In natural environments, which almost no dog or owner can find anymore, dogs are like lions. They lie around much of the day, rousing themselves every now and then for food or sex or to chase after something appealing. Dogs don’t have human emotions. They don’t get bored in the human sense of the word, although they do need some activity. They may get anxious when left alone—they are pack animals and usually prefer company—but loneliness is a human, not canine, emotion. With proper training and acclimatization, sometimes confinement, almost any dog can spend time alone, vegging out, smelling the smells and listening to the sounds of the world, chewing on rawhide, or staring at nothing in particular. One European study suggests that dogs left alone sometimes are smarter than dogs that are smothered by attention: They get the opportunity to solve problems by themselves.

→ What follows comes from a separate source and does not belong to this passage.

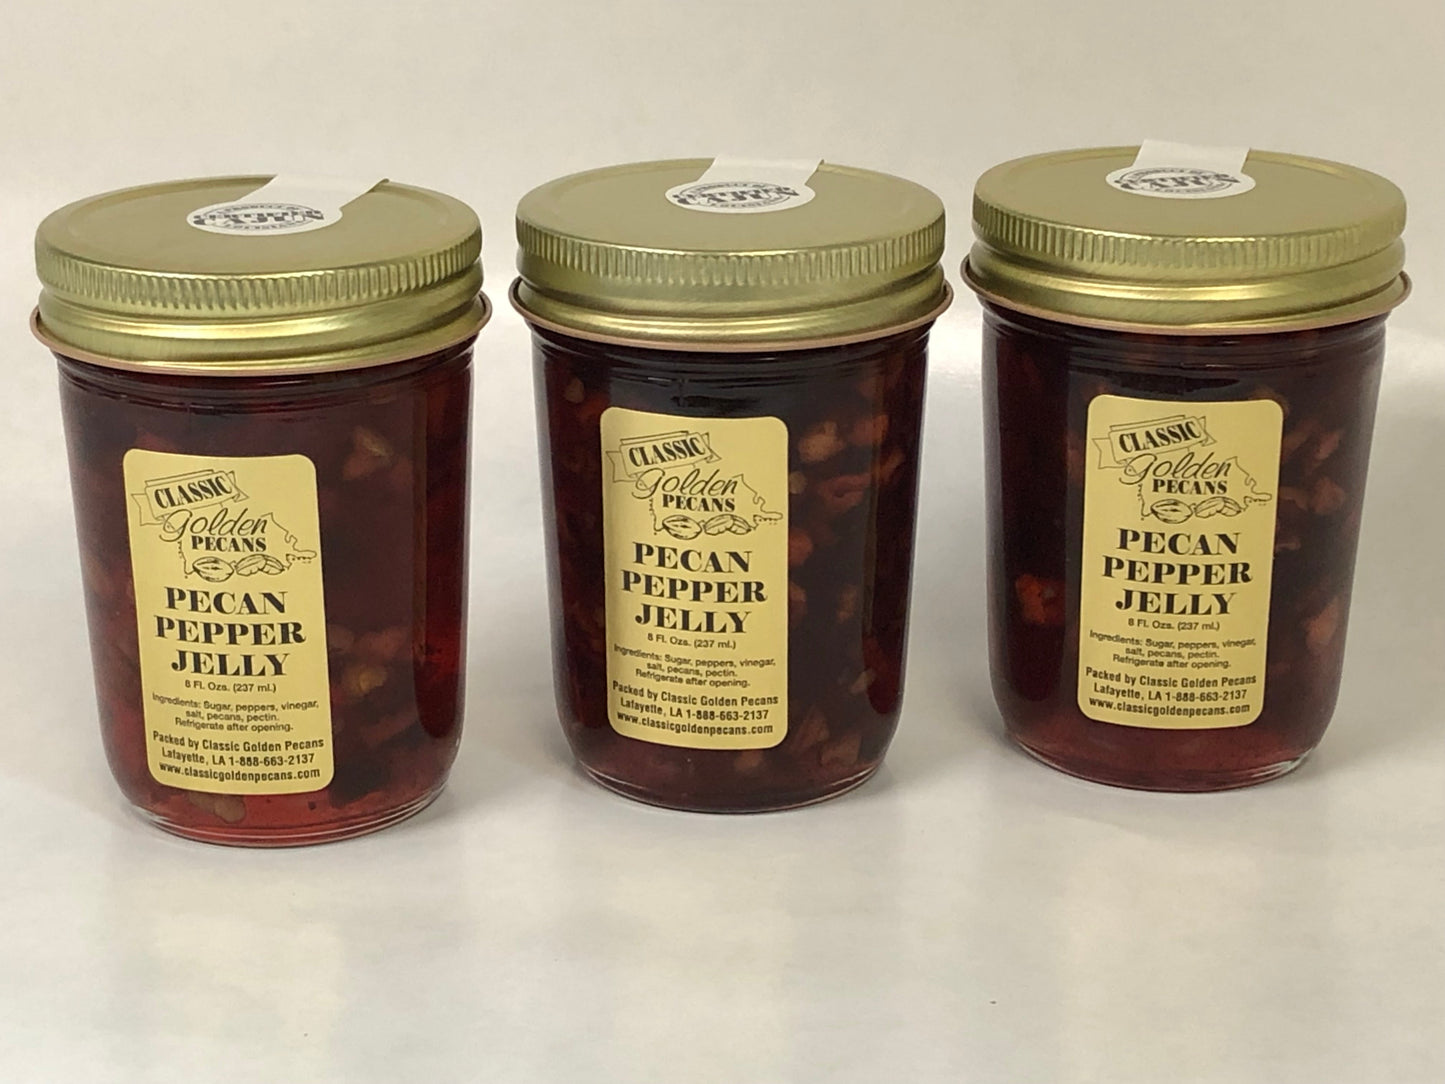 Pecan Pepper Jelly by Classic Golden Pecans
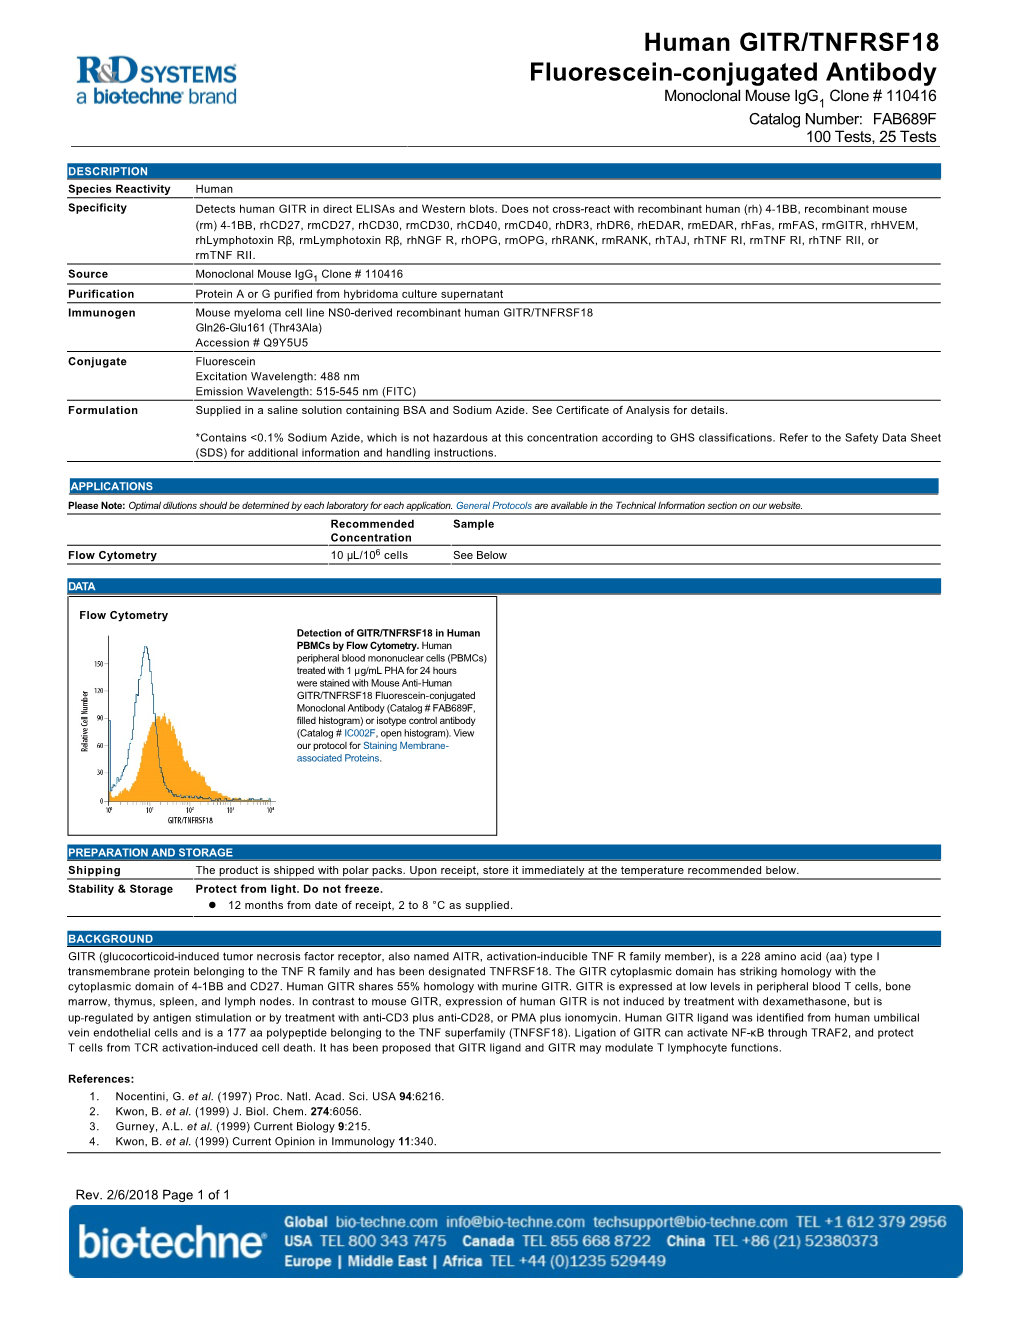 Human GITR/TNFRSF18 Fluorescein-Conjugated Antibody

Working with dogs and engaging in activities like agility, obedience, and herding is great, terrific for people and dogs alike. Nobody should feel badly about doing this stuff. I’ve spent some of the loveliest hours of my life out in pastures with my vigilant dogs, listening to the sound of sheep crunching away on grass. But it’s sometimes OK to relax and let our dogs just be dogs. After considerable badgering by some great trainers, I now make sure my dogs spend several hours a day alone in the yard or quietly in their crates, learning to settle down. We have spent some of our happiest times together doing nothing.